For the Korea/UK season, Gasworks expanded its existing residency programme by working with Arts Council Korea, which had been supporting Gasworks’ Korean artist residency since 2012, and KCCUK, which had reconfigured one of its Open Calls. In addition to a residency project at Gasworks, this new initiative offered Korean residency artists in 2017–2018 a public platform to present their work in the form of a publication, an exhibition or an experimental presentation as part of KCCUK’s London public programme.

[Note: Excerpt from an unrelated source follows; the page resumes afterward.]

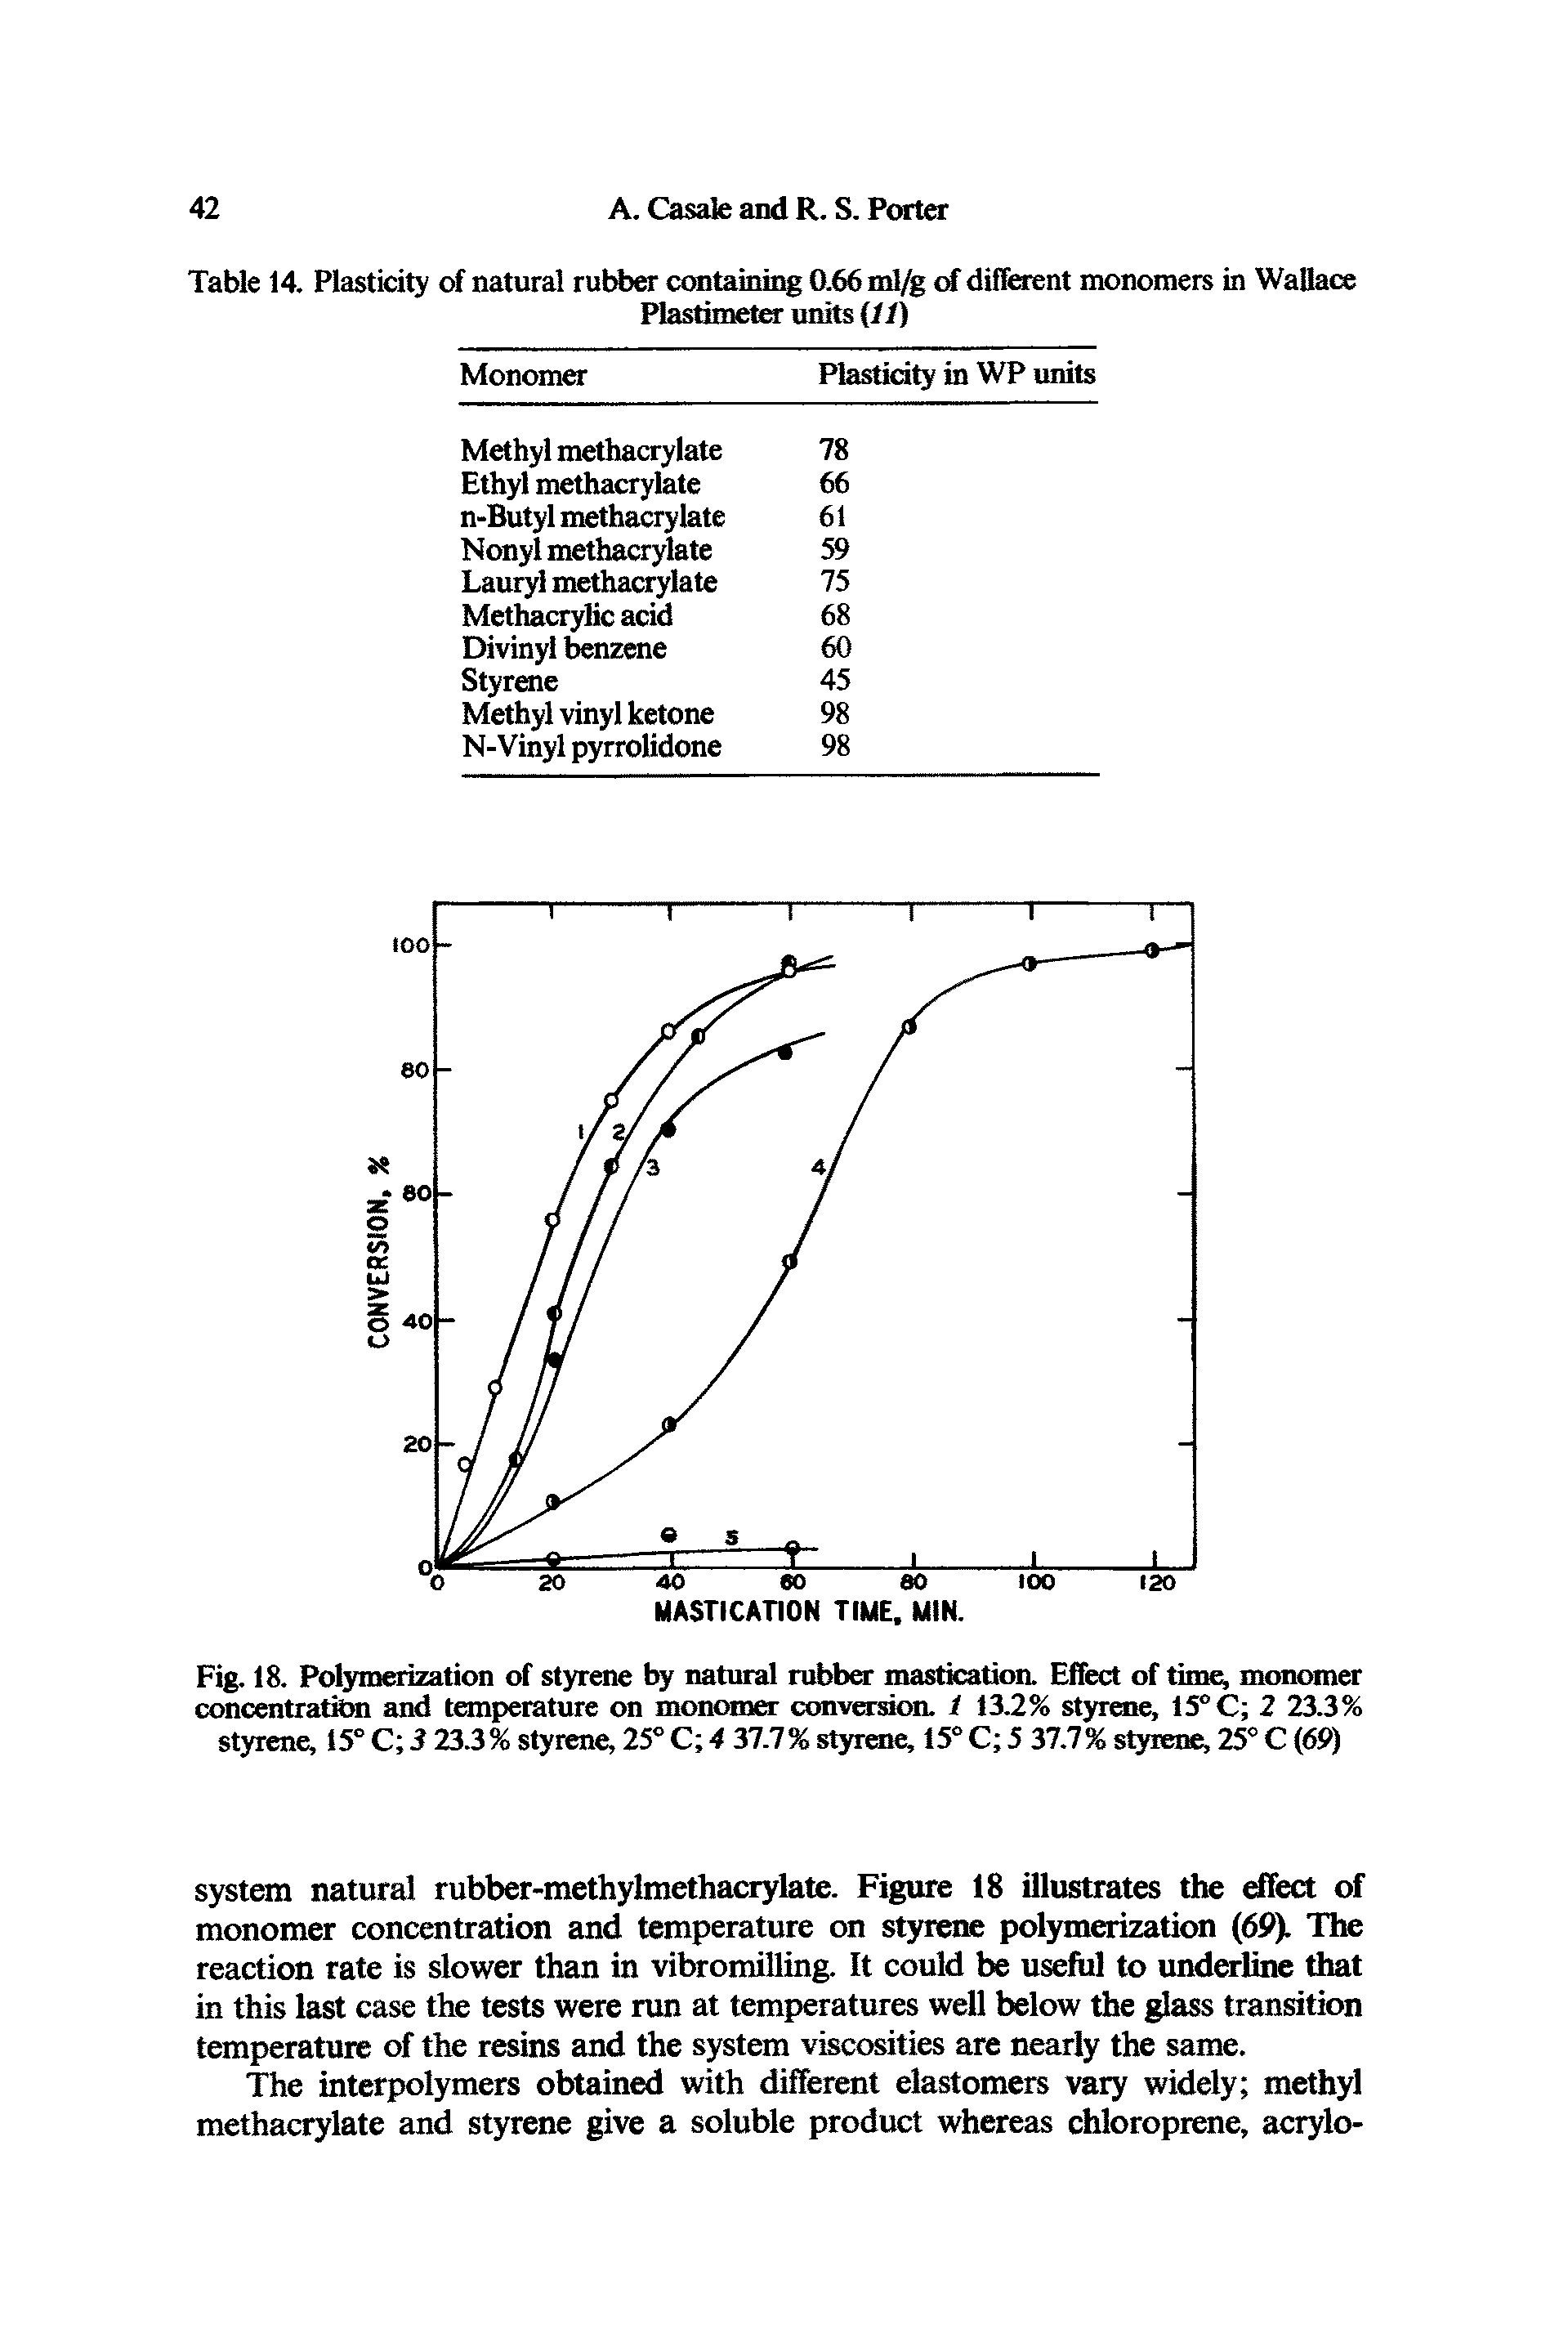 Fig. 18. Polymerization of styrene by natural rubber mastication. Effect of time, monomer concentration and temperature on monomer conversion. 1 13.2% styrene, 15° C 2 23.3% styrene, 15° C S 23.3 % styrene, 25° C 4 37.7% styrene, 15° C 5 37.7% styrene, 25° C (69)...
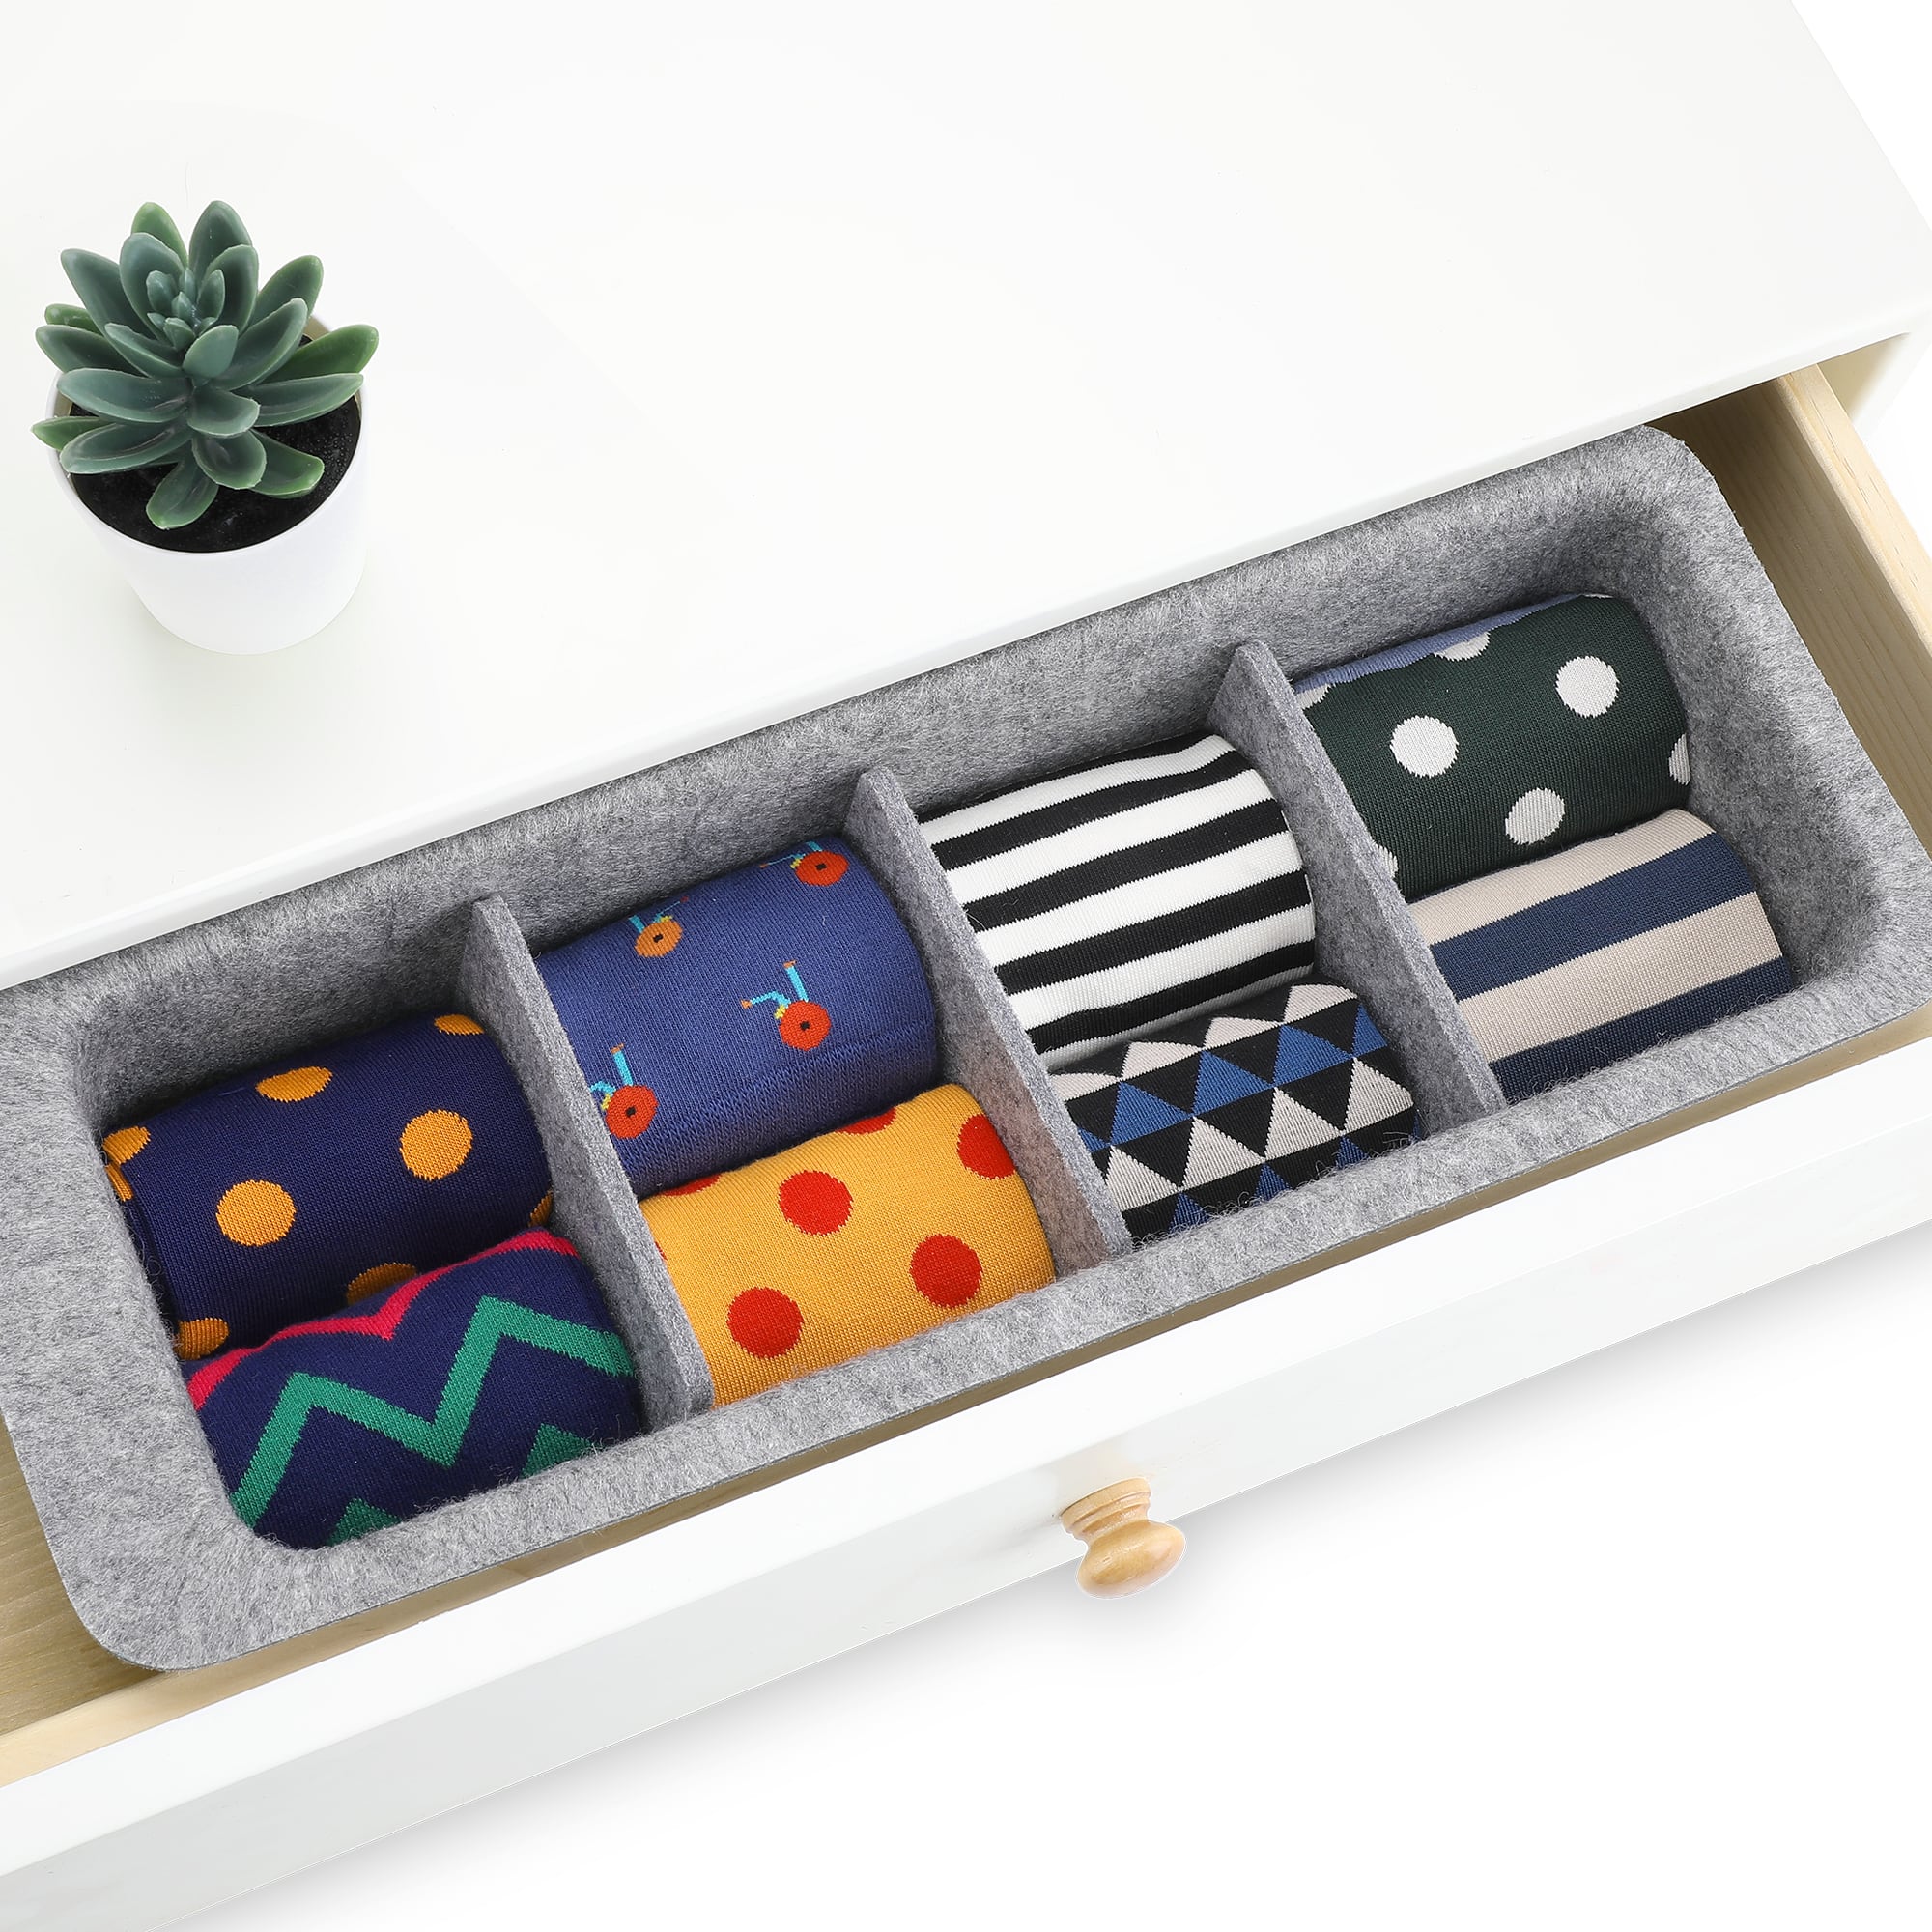 Welaxy office Drawer organizers bins Deep draw organiser Felt storage bin  drawers Desk draw dividers boxes for toys makeup jewelery rolled ties

In spring 2017, Gasworks hosted Minja Gu for as their residency artist. Minja Gu’s practice examines the tensions between individuals and the societal norms and institutions that govern them. She establishes conditions in which interventions in these structures can take place through performance and dialogue, thus revealing their constructed nature. Her work focuses on food as an embodiment of society-specific contexts, histories and meanings. The project Con-tempeh-rary, for example, traces the evolution of the recipe for the Indonesian dish tempeh after it was introduced to the Netherlands during its rule over Indonesia. Gu’s work explores how this dish became popular in Flemish Belgium through its promotion by the Dutch supermarket chain, Albert Heijn.

During her residency at Gasworks, Gu continued her research into the dispersion, transformation and adaptation of food and the food industry through history. She focused on foods that spread during the period of the British Empire, from the age of exploration and colonialism to the current era of globalisation.